Answer :
Final answer:
To find the mass of lead in 139 g of Pb(NO3)2, we calculate the molar mass of Pb(NO3)2, find the number of moles of Pb(NO3)2, and then use the molar mass of lead to find its mass in the compound, resulting in approximately 87.02 g of lead.
Explanation:
The question asks to calculate the mass of lead in 139 g of Pb(NO3)2. First, we need to calculate the molar mass of Pb(NO3)2. The molar mass of lead (Pb) is 207.2 g/mol, and for nitrate (NO3) - since nitrogen (N) has a molar mass of 14.0 g/mol and oxygen (O) has 16 g/mol - a single nitrate ion would have a molar mass of 62 g/mol (1×14.0 + 3×16.0). As there are two nitrate ions per molecule of lead nitrate, the total molar mass of NO3 in Pb(NO3)2 is 124 g/mol. Thus, the total molar mass of Pb(NO3)2 is 207.2 g/mol (for Pb) + 124 g/mol (for 2×NO3), totaling 331.2 g/mol.
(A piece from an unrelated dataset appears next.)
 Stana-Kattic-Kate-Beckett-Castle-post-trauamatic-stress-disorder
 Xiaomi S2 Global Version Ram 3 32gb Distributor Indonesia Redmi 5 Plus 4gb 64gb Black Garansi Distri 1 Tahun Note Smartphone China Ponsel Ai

To find the mass of lead in the given 139 g of Pb(NO3)2, we follow these steps:
Calculate the number of moles of Pb(NO3)2 in 139 g:
number of moles = mass (g) / molar mass (g/mol)
= 139 g / 331.2 g/mol
≈ 0.42 moles.
Since the ratio of lead to Pb(NO3)2 in terms of moles is 1:1, there are also approximately 0.42 moles of lead in 139 g of Pb(NO3)2.
Calculate the mass of lead: mass = number of moles × molar mass of lead
= 0.42 moles × 207.2 g/mol
= 87.02 g.
Therefore, the mass of lead in 139 g of Pb(NO3)2 is approximately 87.02 g.